We can have our network stop after a specified number of iterations with a parameter in the solver.prototxt named max_iter.

For example, we can specify that we would like our network to stop after 60,000 iteration, thus we set the parameter accordingly: max_iter: 60000.

Manually Stopping

It is possible to manually stop a network from training by pressing the Ctrl+C key combination. By default, a snapshot will be saved when training is stopped manually. This behavior can be changed by flags sigint_effect (for SIGINT signal) and sighup_effect (for SIGHUP), see caffe --help.
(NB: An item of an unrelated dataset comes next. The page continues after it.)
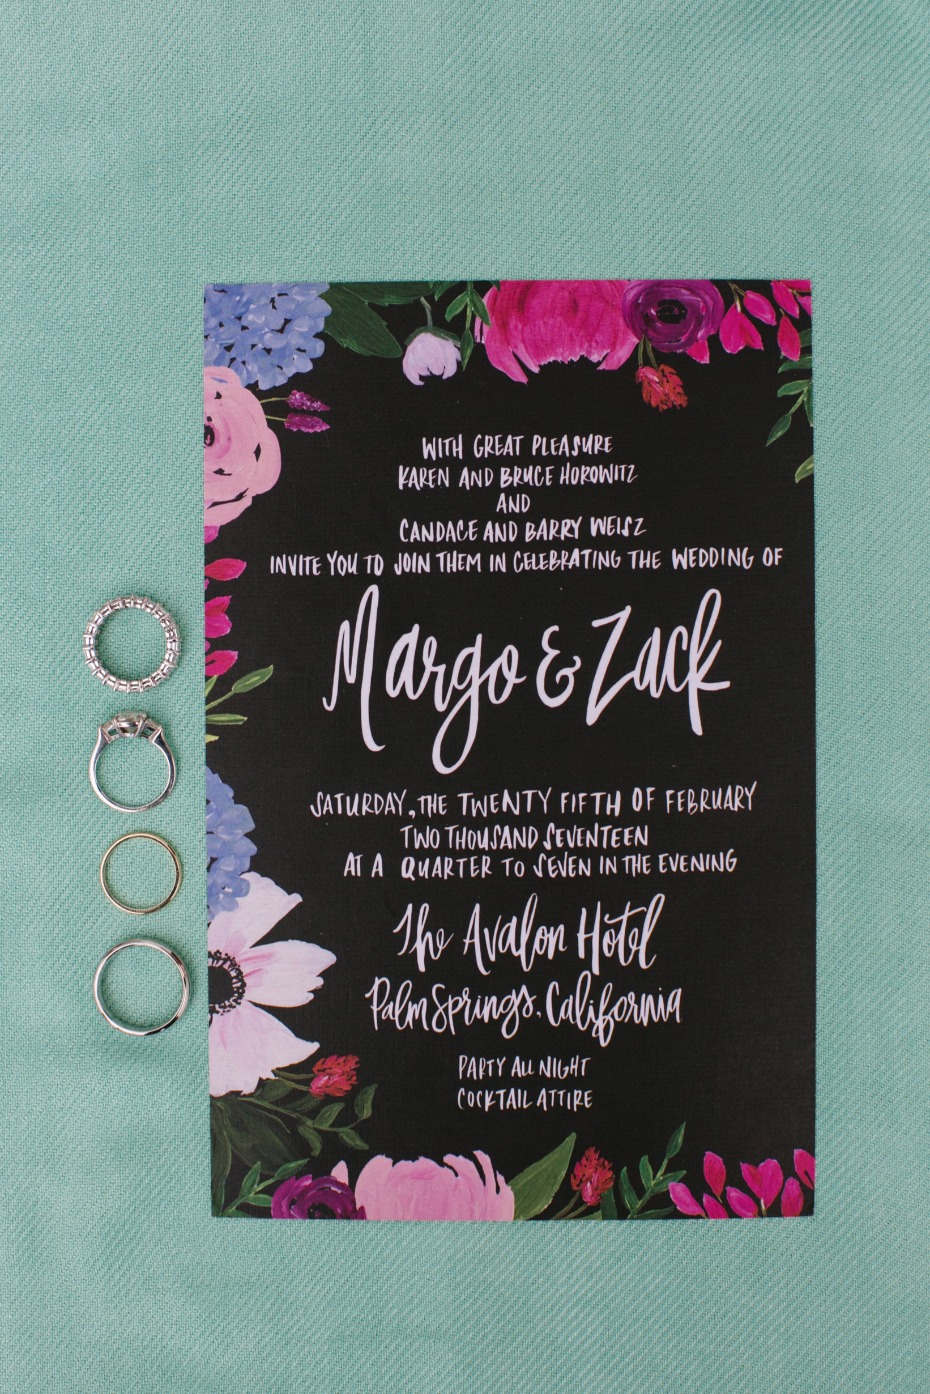 Jewel toned wedding invitation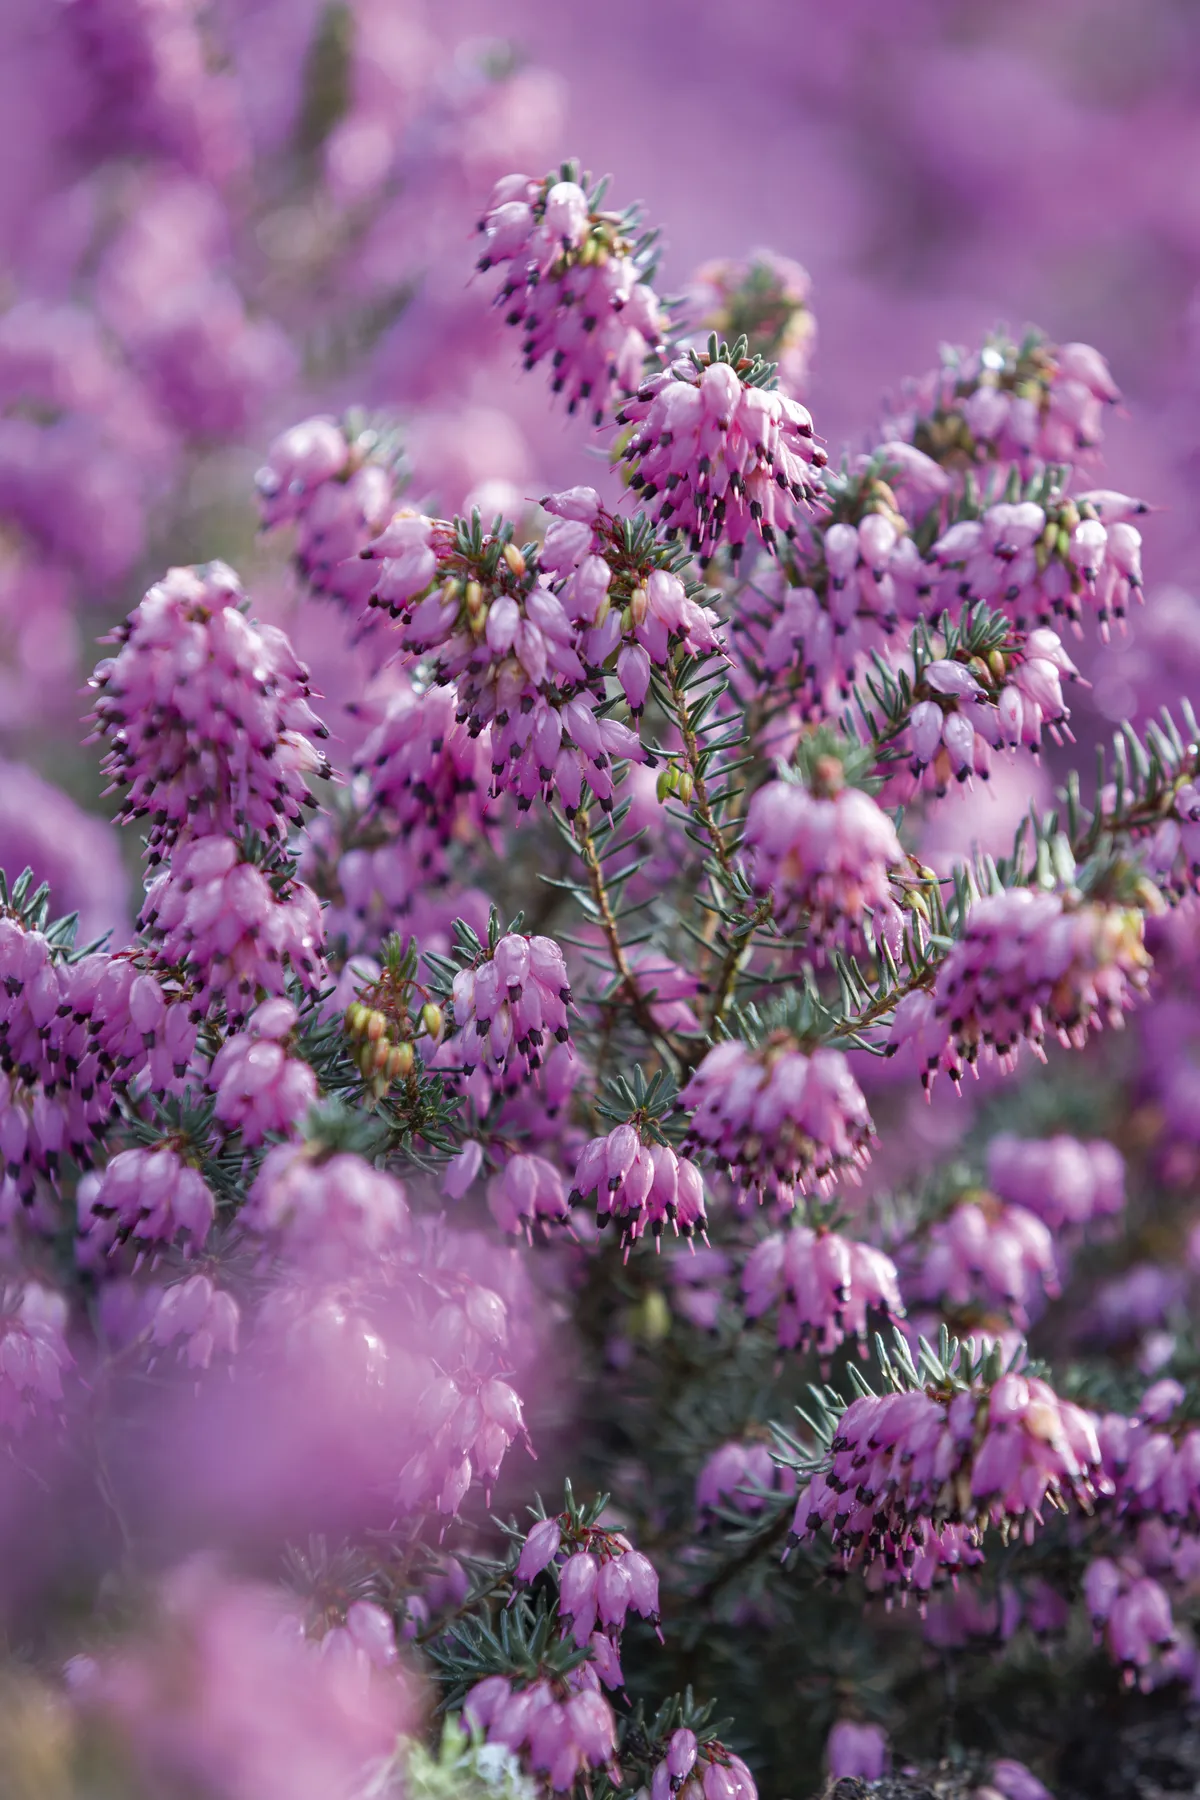 Erica x darleyensis ‘Rubina’ A decorative, winter-flowering pink form of this sprawling shrub that will spread to form a low, evergreen mound. 40cm x 80cm. RHS H5, USDA 5a-8b.

Default behavior for sigint_effect (emitted by Ctrl+C on Linux) is "stop", which might also cause a snapshot save, because the Solver itself can be configured to save after the training ends - either normally or by interruption. The default setting of snapshot_after_train is true - see caffe.proto.

Note about tee: if you redirect Caffe output with tee, for example by calling
caffe train -solver=solver.txt -gpu=0 2>&1 | tee output.log
you might notice Caffe not saving a snapshot on Ctrl+C. This is because when you input Ctrl+C, you actually send the interrupt signal to the tee process, not Caffe. And it just turns out that when tee is interrupted, it sends a SIGKILL to the underlying process. A way to work around this is to check the ID of Caffe process (hint: read the log - PID is the number right before the filename) and manually sending a signal to Caffe itself, e.g. kill -s SIGINT <caffe_pid>.

Resuming

When a network has stopped training, either due to manual halting or by reaching the maximum iterations, we may continue training our network by telling caffe to train from where we left off. This is as simple as supplying the snapshot flag with the current .solverstate file. For example:

caffe train -solver solver.prototxt -snapshot train_190000.solverstate

In this case we will continue training from iteration 190000.